Как я училась быть любимой
Валерия Бельская
© Валерия Бельская, 2016
Создано в интеллектуальной издательской системе Ridero
Начало. День первый – суббота
Я сногсшибательная красавица! И вот сейчас я главная на главной улице города. Природа щедро одарила меня не только красотой, но умом и талантом, а это редкое сочетание для наших широт. У меня всё есть! Я ни в чём не нуждаюсь! Только страстно хочу любви! И сегодня она случится. И будет всё, как я хочу. До мельчайших подробностей всё исполнится. От юношеской несерьёзной морщинки между бровями, до запаха. И я приму его всего, а он примет меня. Хотя ему, конечно, легче – такому подарку судьбы всякий обрадуется.

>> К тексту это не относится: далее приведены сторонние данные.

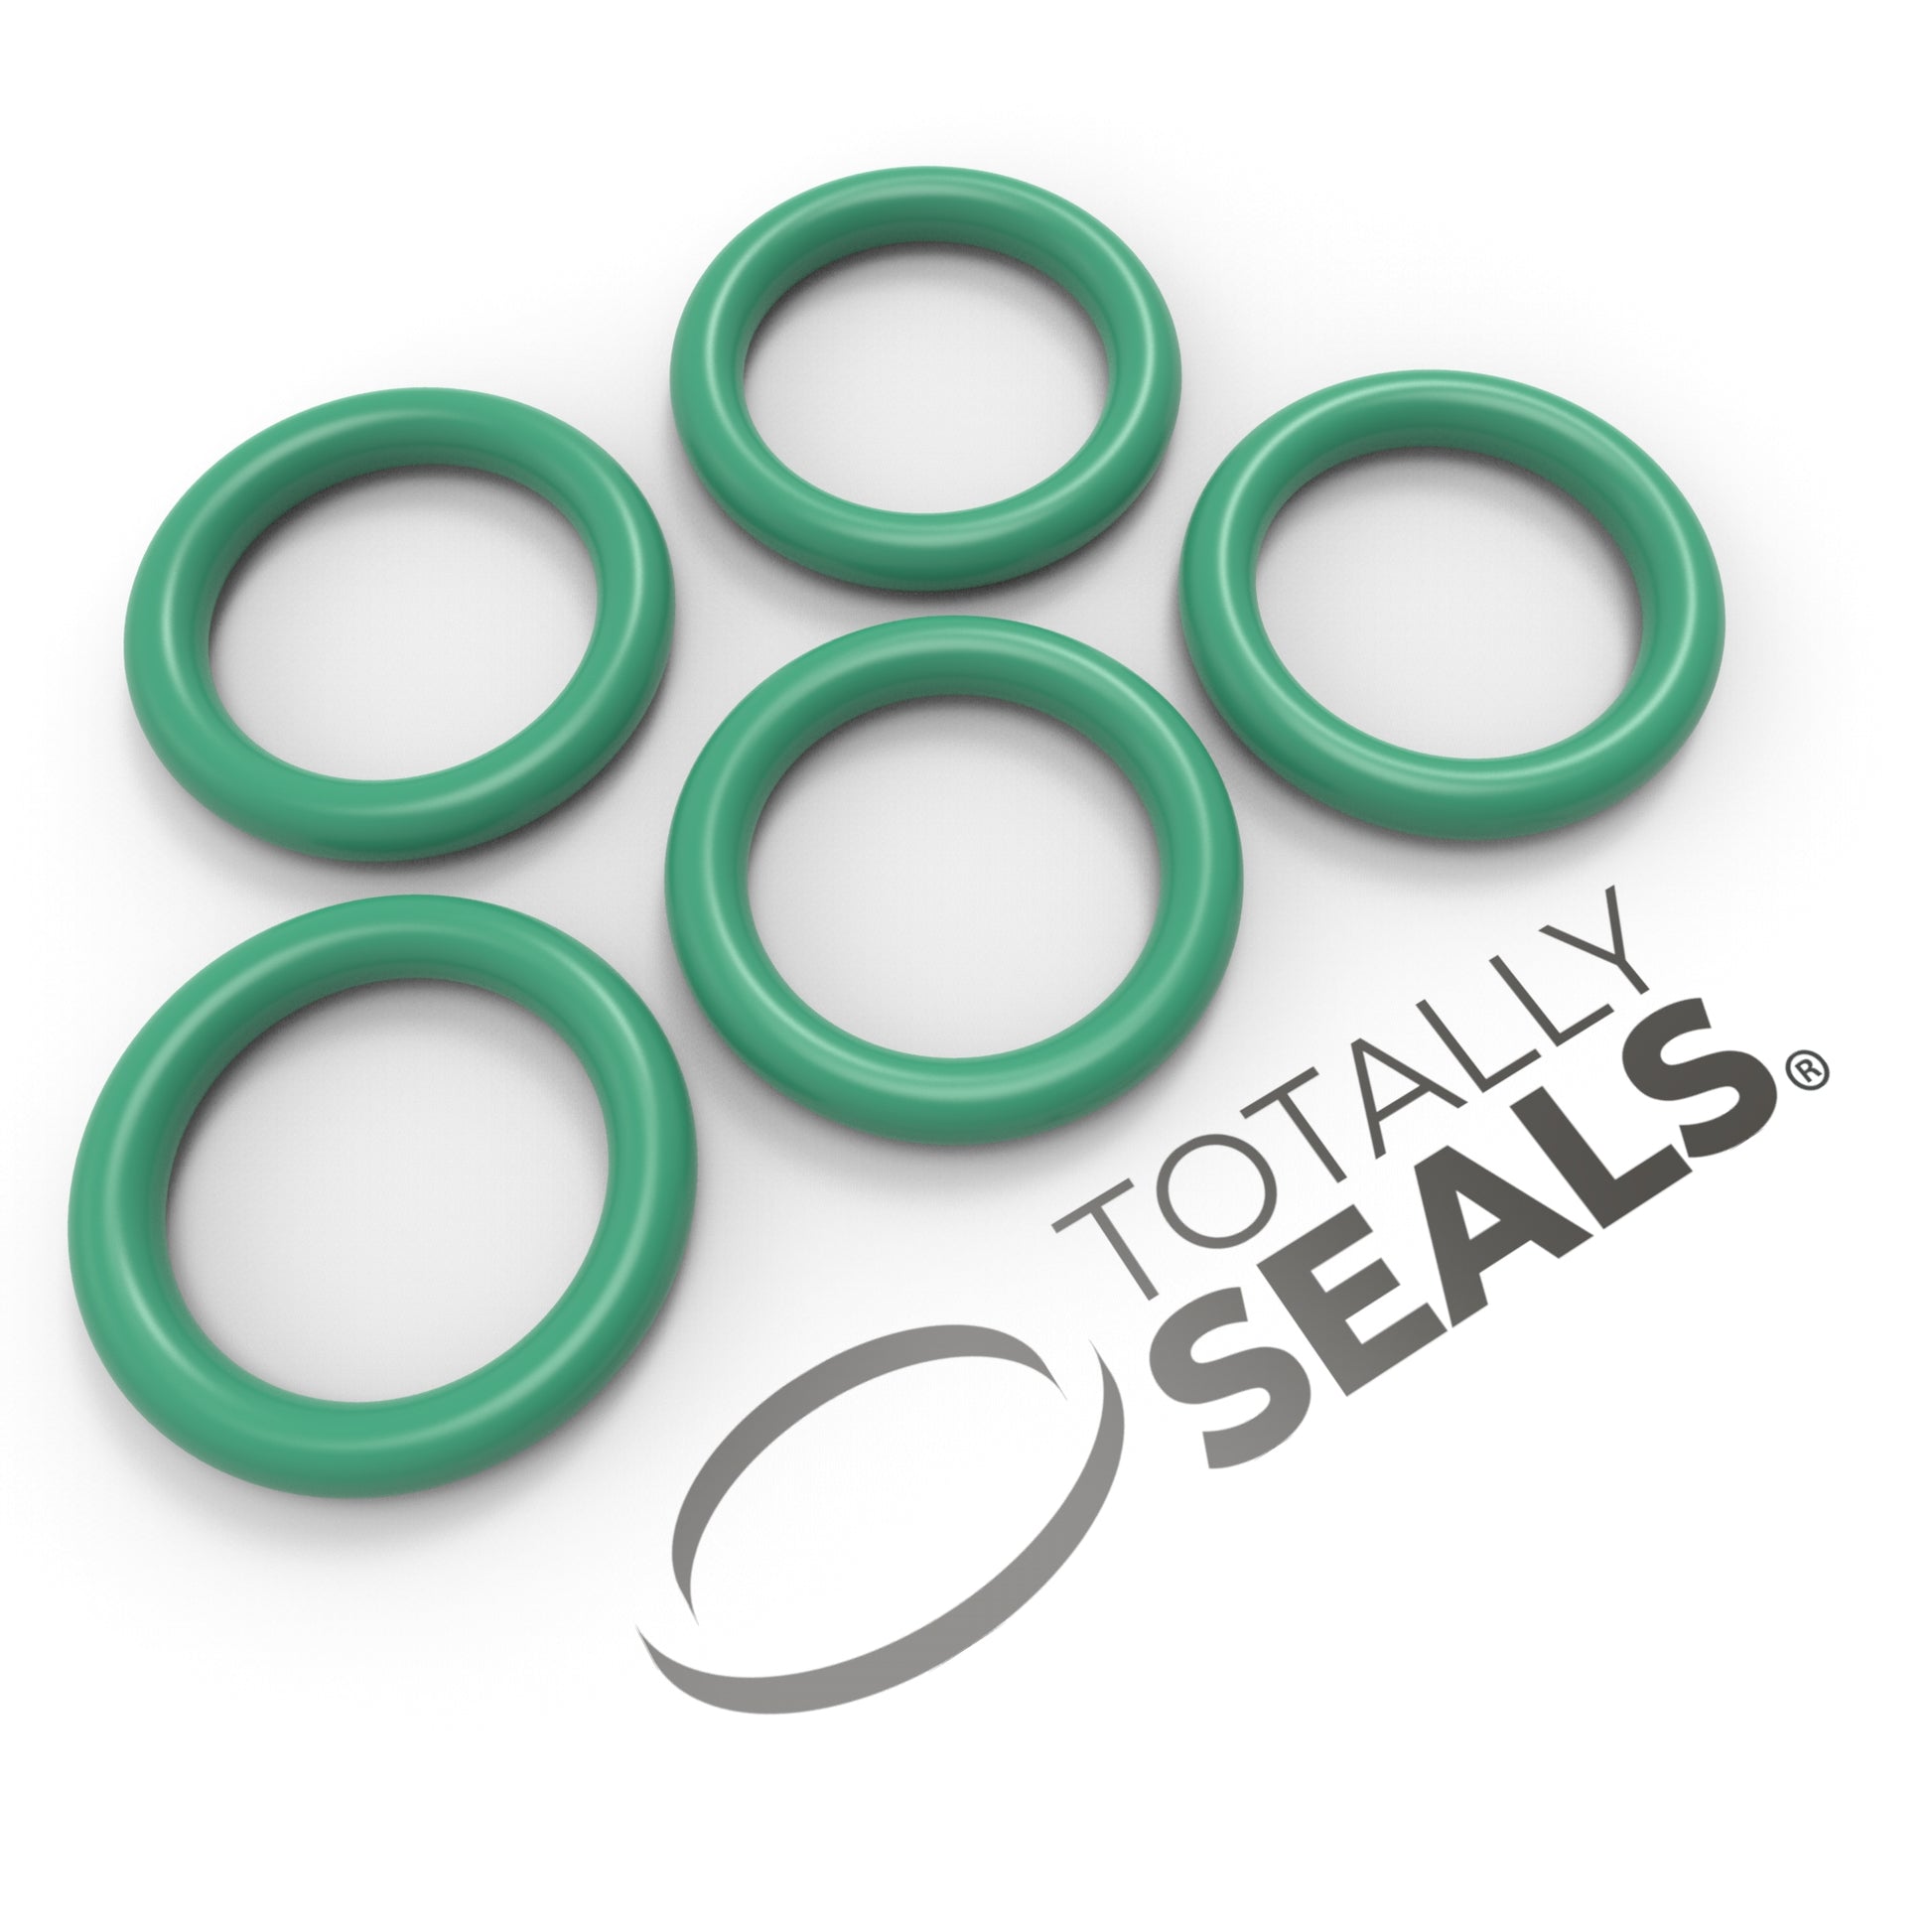 20mm x 2.5mm (25mm OD) FKM (Viton™) O-Rings - Totally Seals®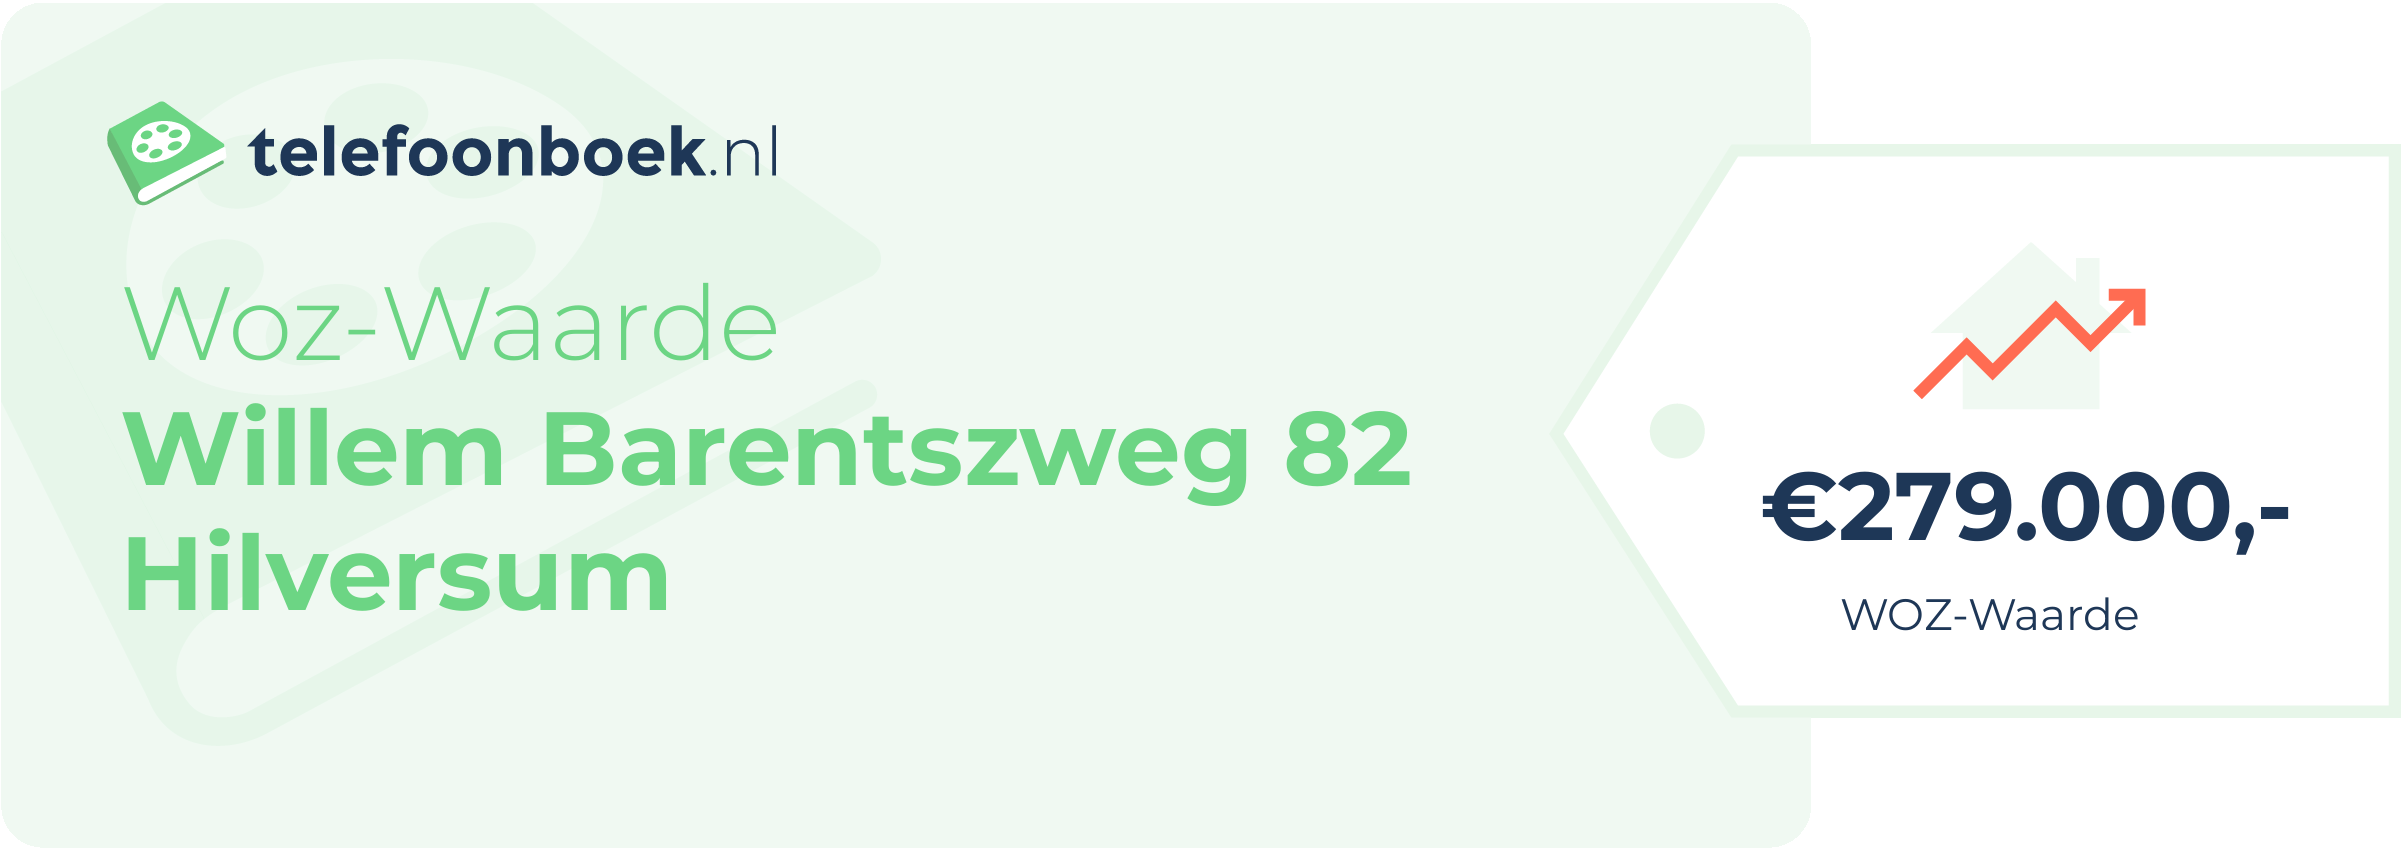 WOZ-waarde Willem Barentszweg 82 Hilversum

Только как бы на радостях сердце не захолонулось. Но это мы поправим, откачаем, любить приучим в полную мощь и без вреда для организма.
Глазам не верю, батюшки! Это кто ж сломя курчавую голову навстречу с букетом несётся? Абрамович собственной персоной. В этом, конечно, нет ничего удивительного, просто мне он представлялся меланхоликом, а тут такая акробатическая прыть! Падает на колени и умоляет стать его женой. Ничего так мужчина, пылкий, искренний, опять же обеспеченный, что немаловажно в наши экономически нестабильные дни. И я обещала подумать. Никогда не следует выходить замуж за первого встречного олигарха. Гордость нужно иметь девичью. Но всё ж таки решила помочь ему разговор завязать а, то не мычит, не телится. Только букет теребит нервически. Серьёзу в лицо подпустила, спрашиваю:
– Как там погода в Лондоне, моросит?
– Я в Монако сейчас кантуюсь, – ответил шёпотом. – Там погода стабильно райская.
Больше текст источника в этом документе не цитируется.